Constelações latino-americanas na Figuração Brasil-Argentina: anos 60-70
Adalgiso Pereira Júnior
A retomada da figuração no início da década de 60 é um fenômeno bastante conhecido das artes visuais e se baseia, entre outras coisas, em uma guinada que buscava questionar certa organização racional e moderna de um pós-guerra imediato e das novas relações políticas que se desenhavam no conturbado cenário internacional à época. De França, movimentos como Nouveau Réalisme e Figuration Narrative traziam um uso crítico desta figura. No cenário portenho, movimentos como Otra e Nueva Figuración apresentavam nexos com certa “atitude conceitual”, evidente nos discursos visuais de artistas como Luis Felipe Noé. Já na Nova Objetividade Brasileira e Nova Figuração, artistas brasileiros de certa forma influenciados pela produção argentina um pouco mais amadurecida, mostraram em exposições como Opinião 65 trabalhos em crítica frontal à ditadura recém-instaurada; ao mesmo tempo em que assumiam, segundo Ceres Franco, uma poética e modos de fatura bastante peculiares e em nada sobre determinados pela forma como eram praticados na Europa daquele momento. Trata-se ainda, num como noutro país, de um sintoma da passagem ao que se denominaria pós-moderno em artes e vida, e que assumiria contornos de enfrentamento real face à certa "desesperança" causada pelos estados de exceção implantados na AL com suporte logístico e financeiro estadunidense.

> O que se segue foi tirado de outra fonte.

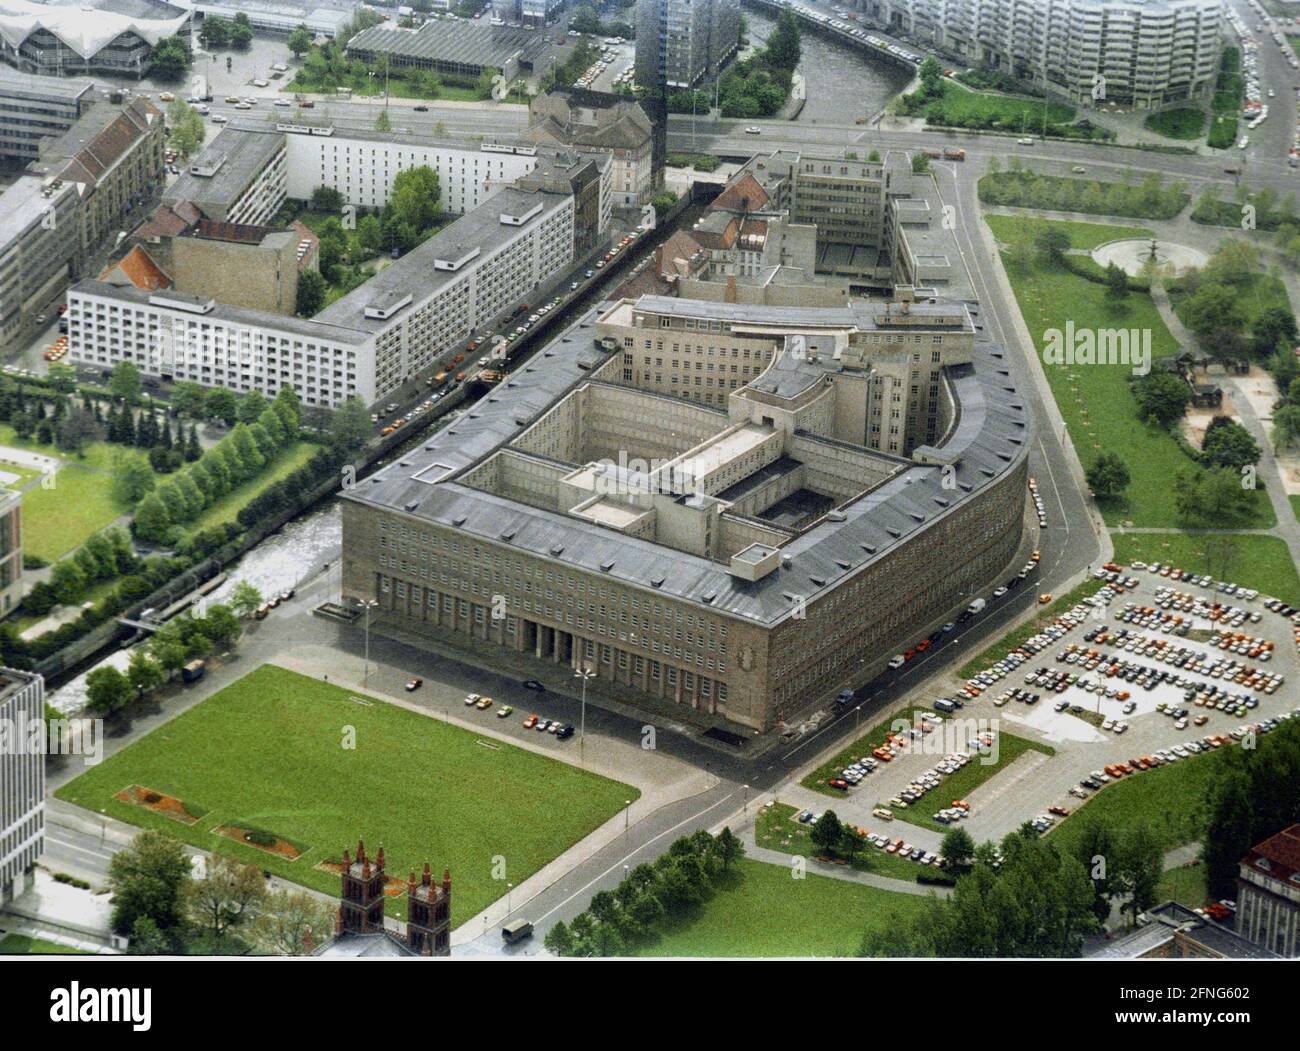 GDR / Berlin-City / 1991 The building of the Central Committee of the SED, formerly the German Reichsbank. From the rear part of the building the exchange of GDR marks into DM is organized. Today it houses the Federal Ministry of Foreign Affairs (Auswaertiges Amt), the lawn in front of the building has been redeveloped. In 1990, the freely-elected GDR People's Chamber met here and decided to join the Federal Republic. The Palace of the Republic was closed due to asbestos. // Government district / Berlin-Mitte / aerial view / [automated translation] Stock Photo

As constelações aqui partem - sem o compromisso de um atrelamento - do conceito/método benjaminiano a partir das imagens, deslocadas de seu contexto original face a um “tempo de agora” e que podem, como nas Teses, produzir os “clarões” necessários a uma nova percepção/reconstrução da(s) História(s). Trabalhos como os de Noé, Deira, Macció, De La Vega, Berni, Claudio Tozzi, Roberto Jacoby, Carlos Alonso, Glauco Rodrigues, Wanda Pimentel, Charlie Squirru, Antônio Dias, Antônio Manoel, Rubens Gerchman, Kenneth Kemble, Nelson Leirner, Anna Maria Maiolino, Carlos Zílio dentre outros; e que revelam traços de um ethos autoritário local que extrapola a mera violência de Estado praticada pelos regimes à época. Constelações que se reafirmam, ainda, quando se pensa o agrupamento destas imagens nos dois países, impossível na época devido à censura, ditaduras e o exílio ao qual muitos desses artistas estavam assujeitados. Imagens onde se constata a força de uma arte que não se esgota no mero deslinde de seus contextos históricos - e cuja evocação revela assustadora atualidade face aos avanços autoritários mais recentes de norte a sul do continente americano.
Palavras-chave: Otra Figuración, Nova Objetividade, arte e política, arte latino-americana.